[What you will do]: Retype only the lines below from the one with "A bride never" to the one with "Lavender Flowers Fresh", inclusive, skipping every image.

[Supplied information]:

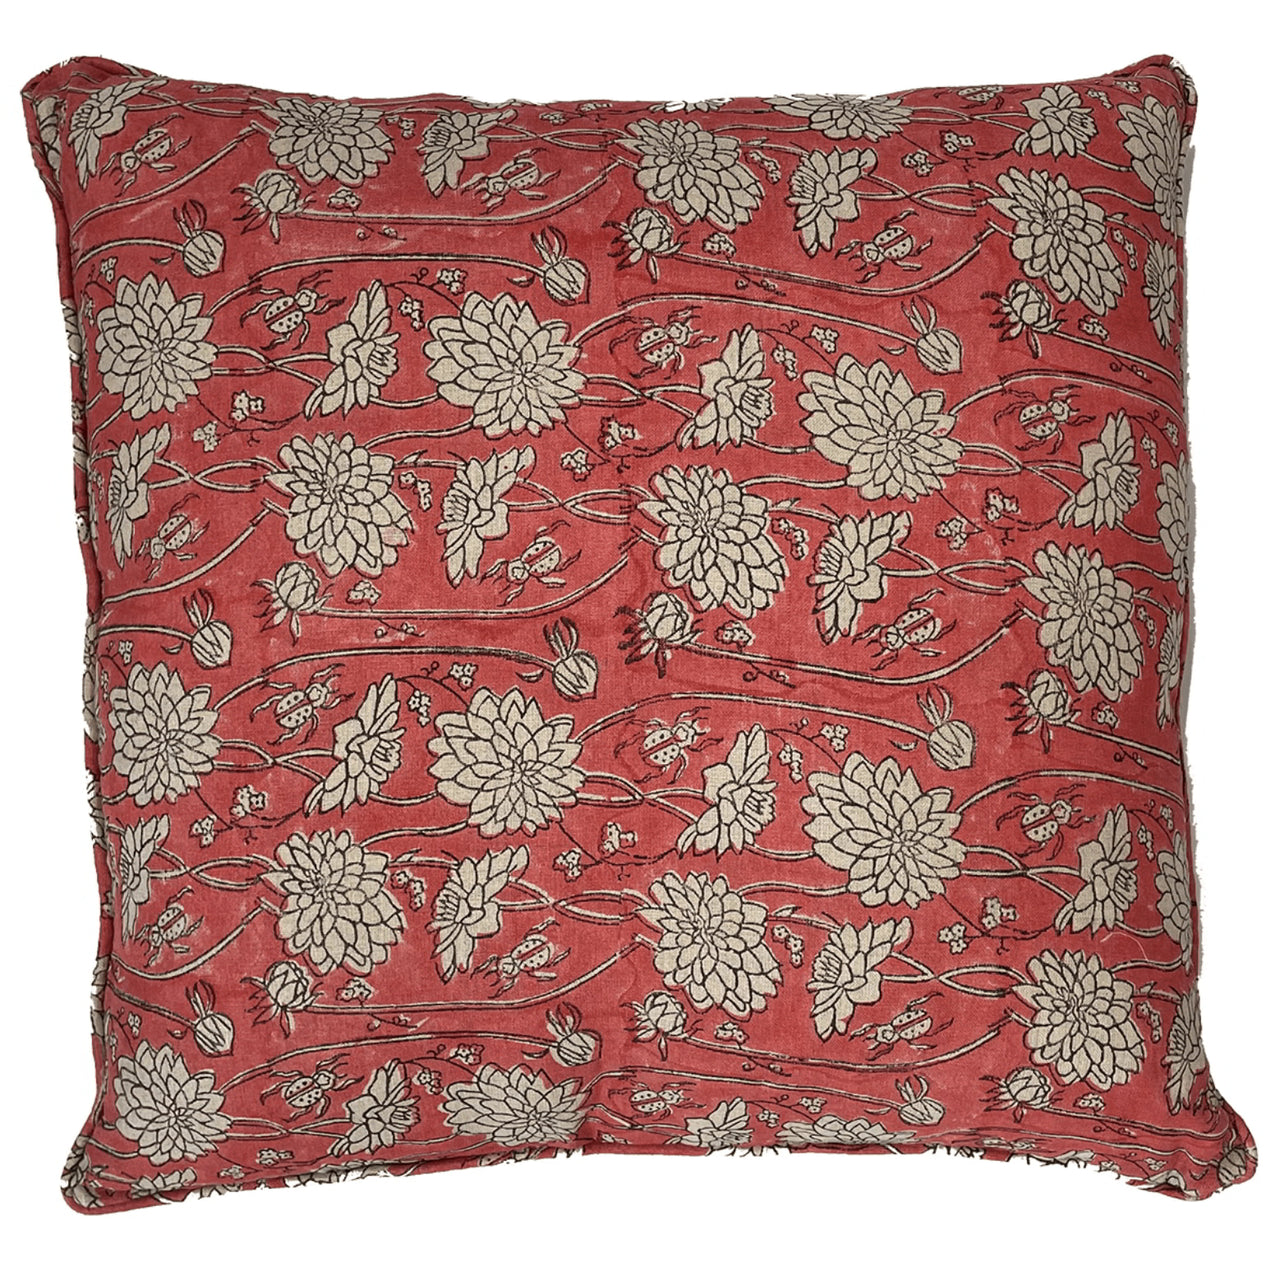 Linen Cushion - Classic Block Print - Pink House of Dudley
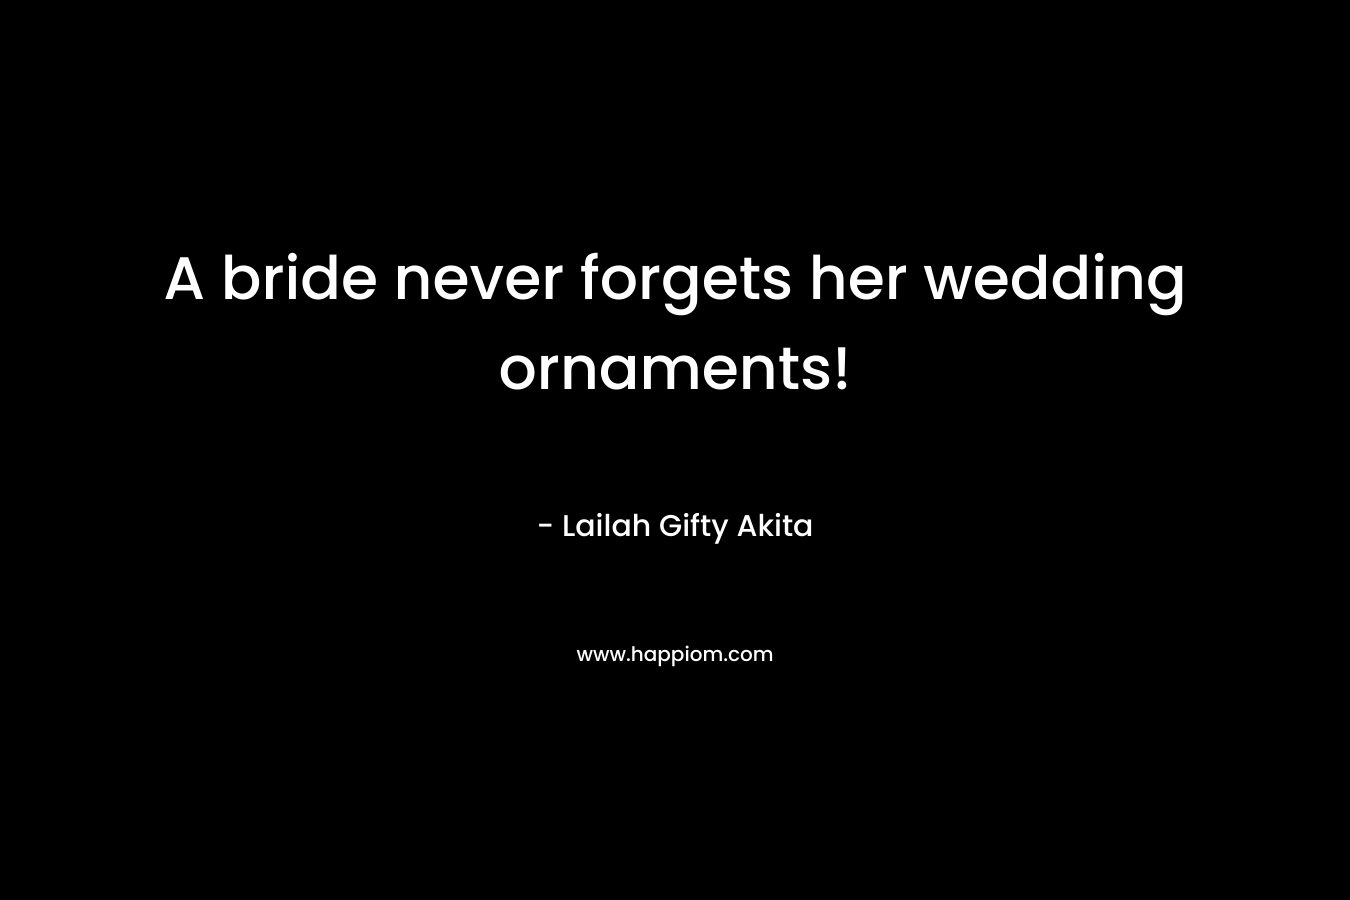 A bride never forgets her wedding ornaments! – Lailah Gifty Akita
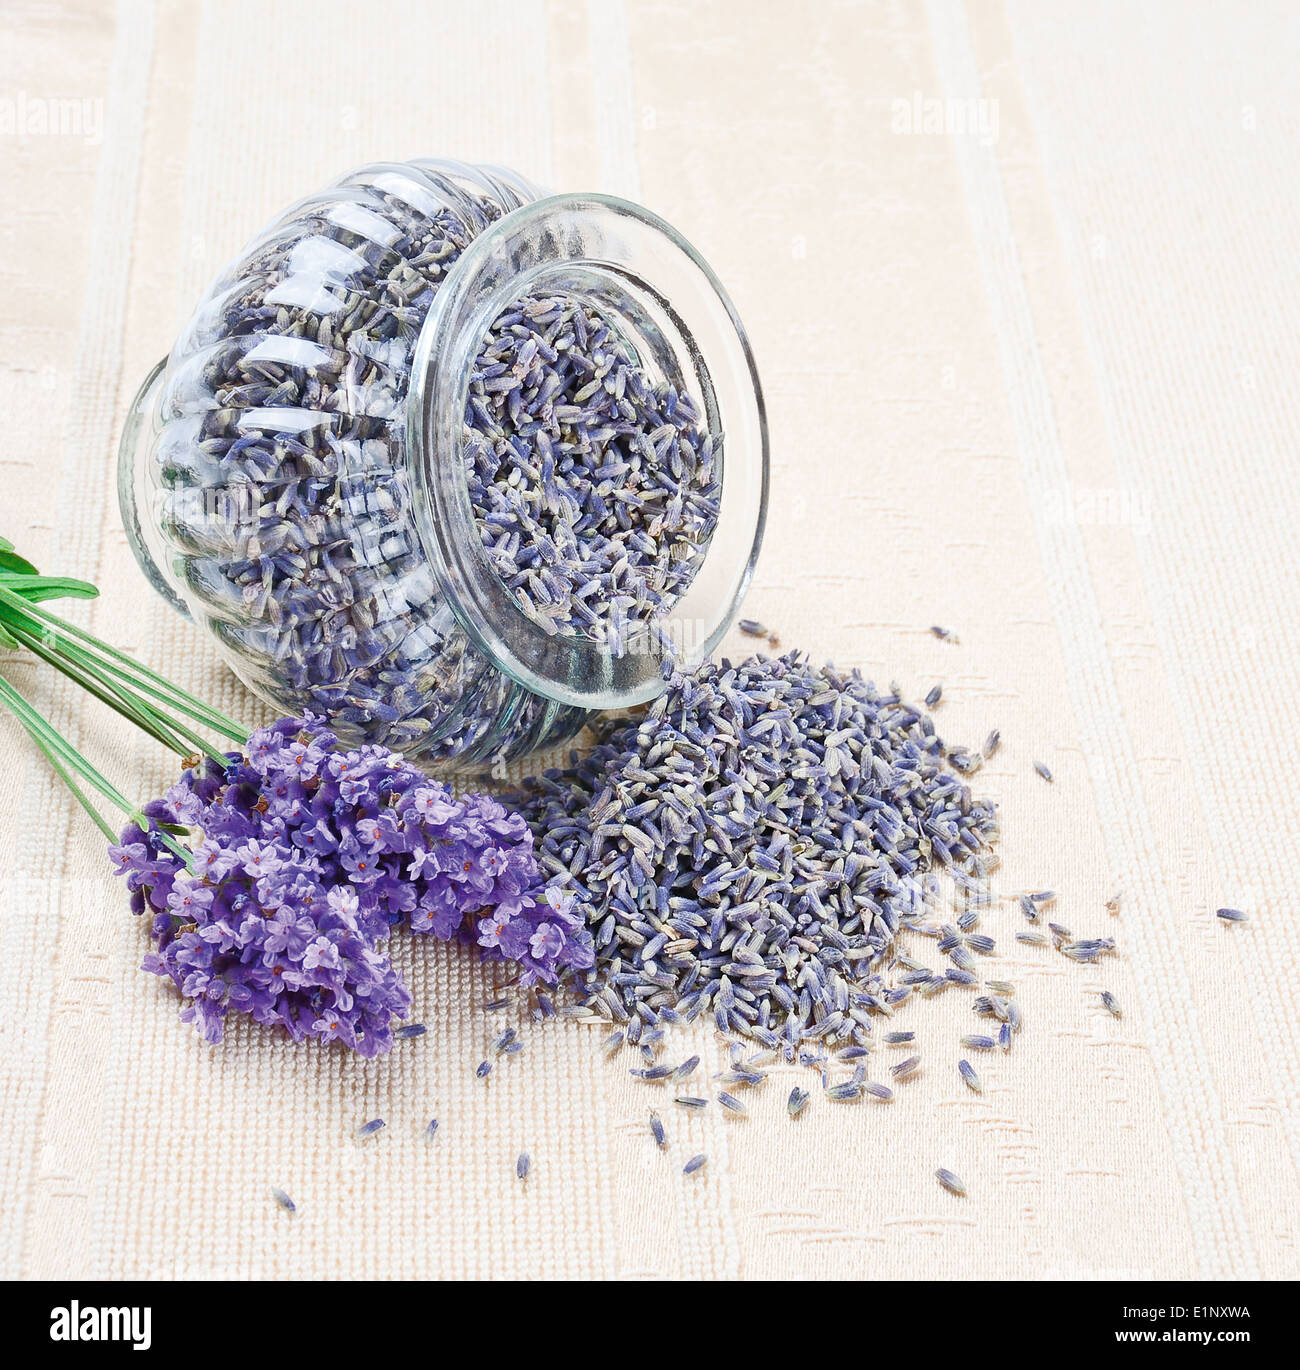 Lavender Flowers Fresh And Dry in a open glass on canvas next to a posy of fresh lavender Stock Photo
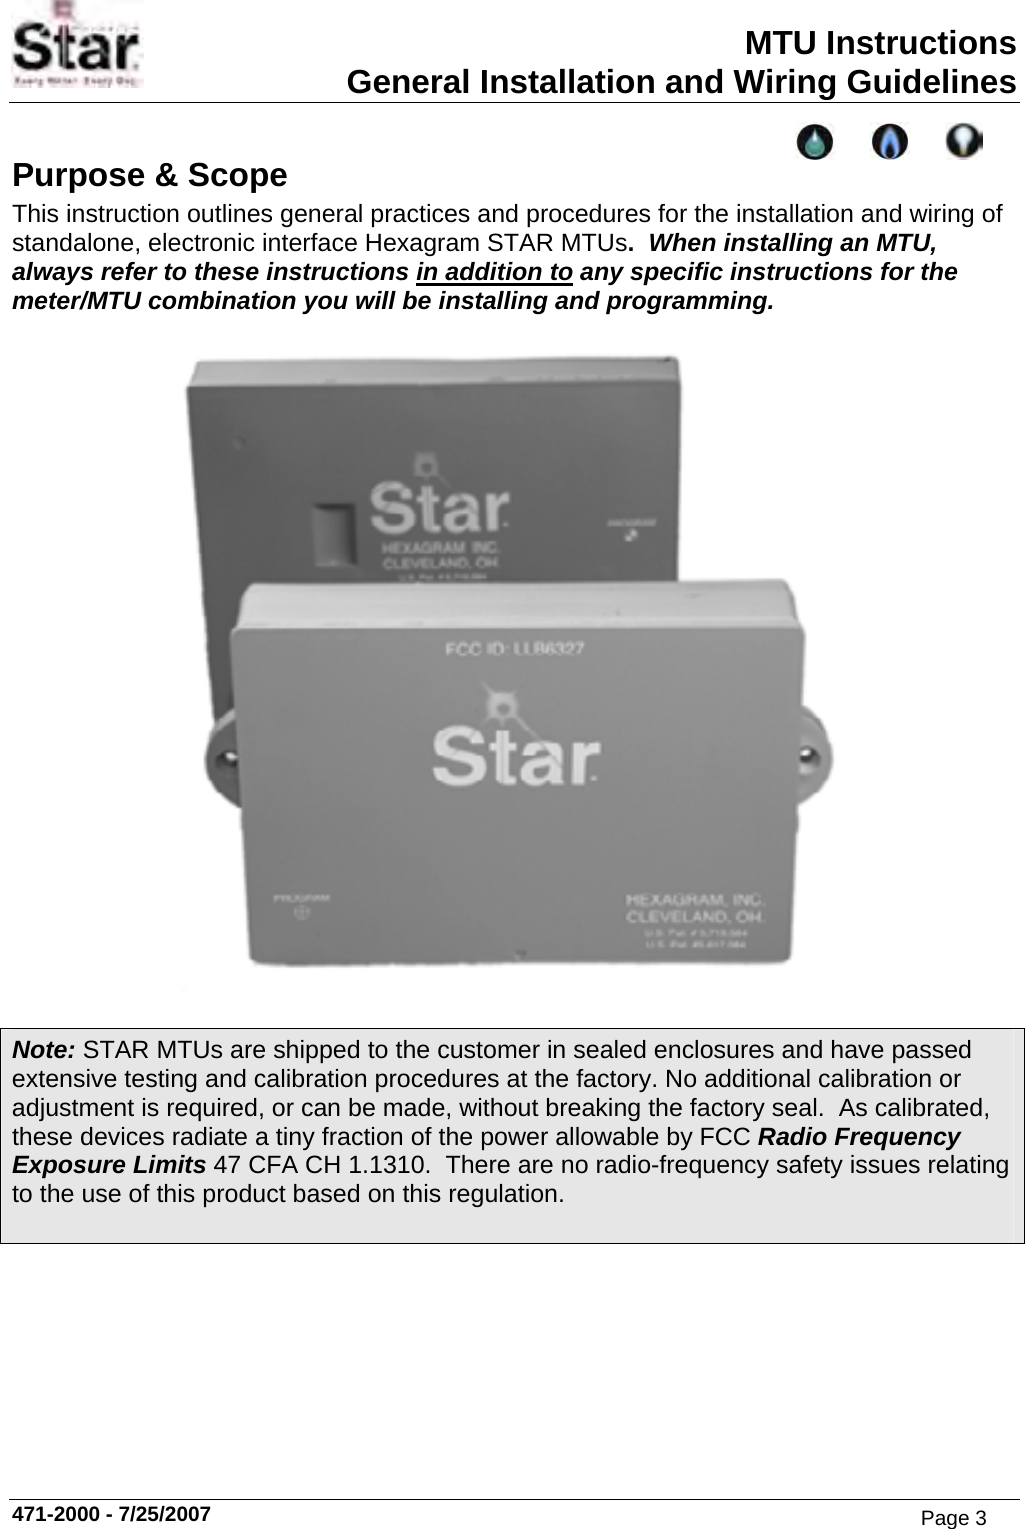 MTU Instructions General Installation and Wiring Guidelines Purpose &amp; Scope This instruction outlines general practices and procedures for the installation and wiring of standalone, electronic interface Hexagram STAR MTUs.  When installing an MTU, always refer to these instructions in addition to any specific instructions for the meter/MTU combination you will be installing and programming.   Note: STAR MTUs are shipped to the customer in sealed enclosures and have passed extensive testing and calibration procedures at the factory. No additional calibration or adjustment is required, or can be made, without breaking thefactory seal.  As calibrated, these devices radiate a tiny fraction of the power allowable byFCC Radio Frequency Exposure Limits 47 CFA CH 1.1310.  There are no radio-frequency safety issues relating to the use of this product based on this regulation.  471-2000 - 7/25/2007 Page 3

[Expected answer]:
 A bride never forgets her wedding ornaments! – Lailah Gifty Akita
 Lavender Flowers Fresh And Dry in a open glass on canvas next to a posy of fresh lavender Stock Photo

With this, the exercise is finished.